Norman Karr Prokudin Gorskii Filters and Frequencies

 Cs194-26 Project 1

Colorizin​g the Prokudin-Gorskii Collection

Norman Karr | nkarr11@berkeley.edu

Overview

In 1907, a man by the name of Sergey Mikhailovich Prokudin-Gorskii took three exposures of every single scene he photographed. One exposure had a red filter, one had a green filter, and the last one had a blue filter. Together, three three images represent the activations of each color channel. The goal of this project was to create a automated pipeline that would combine the three exposures of each image to generate a vibrant, colorized image of each photograph. 

Table of Contents

Automatic Alignment

1. Alignment Metrics
2. Pyramid Search
4. Edge Alignment
5. Further Endeavors

Automatic Effects

1. Smart Cropping
2. Sharpening
3. Contrast
4. Further Endeavors

Results

1. Final Images
2. Offset Values
3. Fun Results

Automatic Alignment

Let's turn three grayscale images into one color image. That doesn't sound crazy at all!

1. Alignment Metrics

The natural first step in figuring out how to align images is to come up with a numerical metric that can measure how well aligned two images are. Fortunately, there are two relatively simple solutions to this. The first metric is a pixelwise L2 norm, or sum of squared differences (SSD) which is calculated by taking the pixelwise difference between two images and returning the squared norm of the result. The second metric is a normalized cross-correlation (NCC) which is just a dot product between two normalized images.* In my experiments, I found that NCC produced better results than SSD the majority of the time but took twice as long to calculate.

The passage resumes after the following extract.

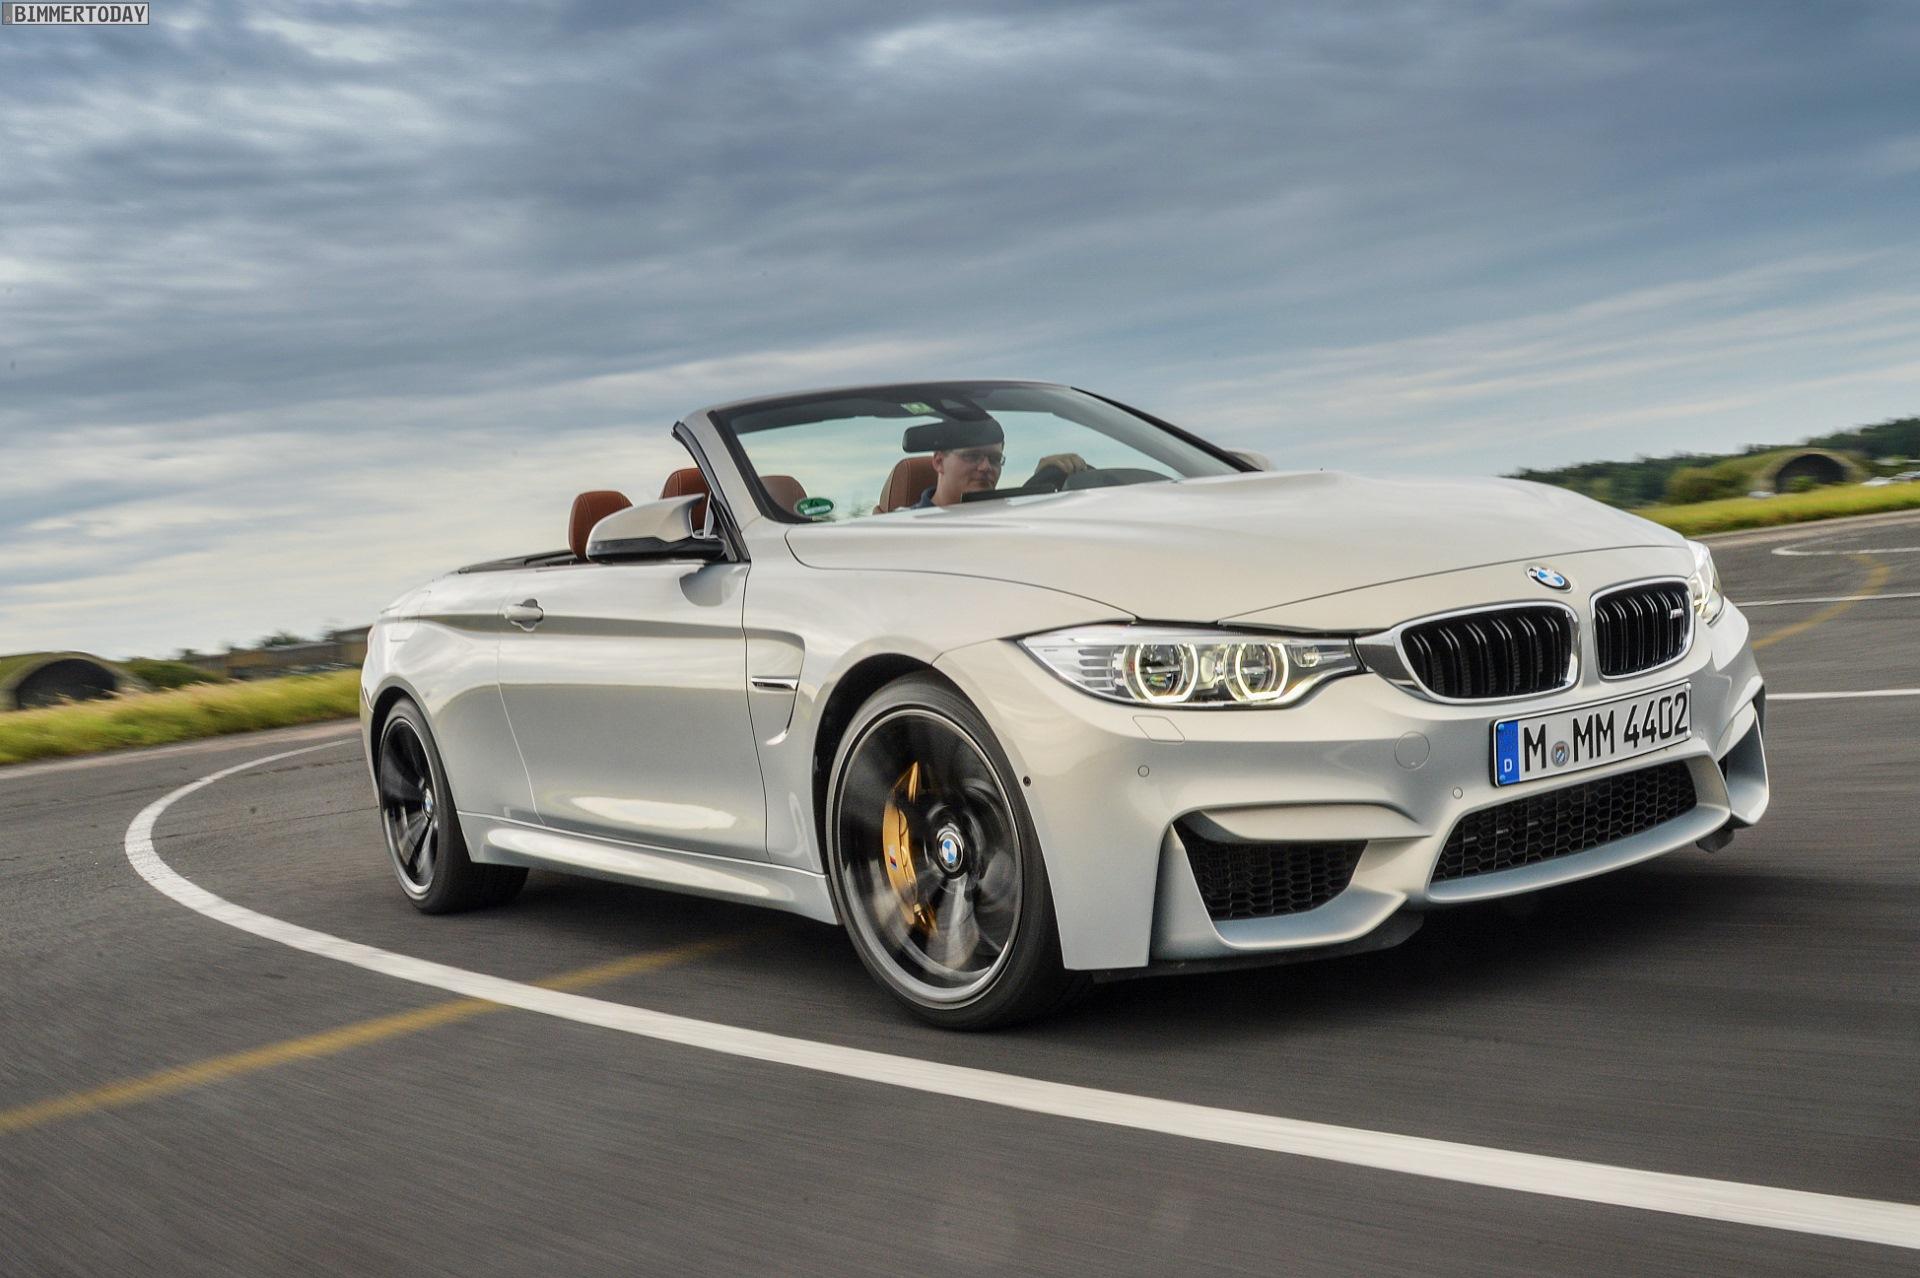 BMW-M4-Cabrio-Fahrbericht-F83-Mondstein-Individual-bimmer-today

*To increase consistency, I decided to use a negative NCC so that both of my metrics become minimization problems.

Reference Channel

Unfortunately, both of these metrics are made to compare two objects, not three. As a result, we have to treat one color channel as a reference channel and then use the metrics to align the other two channels to our reference. For example, if the red channel is our reference, we will align the blue to the red and then align the green to the red. Interestingly, selecting different references actually results in different alignments. After some experiments, I found that using the green channel as the reference channel produced the most consistent results.

Red as reference

Green as reference

Middle Crop Evalutation

One shortcoming of blindly applying the metrics is the pixel instability in the borders of each image. Since the borders are so irregular, these areas of the image would contaminate the accuracy of the metrics. To avoid the borders, I employed a crop of each image before calculating the alignment accuracy. For each image, I evaluate the metrics only on the middle 60% of each image.

2. Pyramid Search

To test different alignments, I exhaustively iterate through a [-10,10] pixel offset range in both the x and y direction. This strategy is sufficient for small images but fails for larger images because the true offset can be greater than ±10 pixels. Unfortunately, this exhaustive search becomes way too slow when we increase the range to say [-100,100]. I solved this issue by employing an algorithm known as pyramid search.

Pyramid Search Algorithm

  1. Create multiple compressions of the original image until our most compressed image is smaller than 200x200 pixels (I employ a compression factor of 2).
  2. Find the best x and y offset within the range [-10,10] for the most compressed image.
  3. Iterate to the next most compressed image and multipy the previously found offsets by the compression factor to get newly scaled offsets (This is because scaling up our image means our offsets need to be scaled up too) 
  4. Then search within a range of [-10,10] from the scaled offsets to find the best offsets for the new image
  5. Repeat steps 3 and 4 until we have calculated the optimal offset for the original image

3. Edge Alignment

One obvious issue with directly aligning pixel activations is that not all parts of an image will have the same activation in each channel. If this was the case, then our colored image would be actually black and white. To increase alignment robustness, I opted to perform alignments based on edges in the image instead. To do this, I convolved each channel with an edge detection kernel and then aligned each image based off of the edge detection activations.

Raw Image Red Channel

Edge Detector Activations Red Channel

4. Future Endeavors in Alignment

One shortcoming is that the alignment is currently limited to a x and y offset. Possible explorations could include adding a search through different scales, rotations, and sheers to further improve alignment. To employ a search through more dimensions requires significant improvement to my algorithms' speed.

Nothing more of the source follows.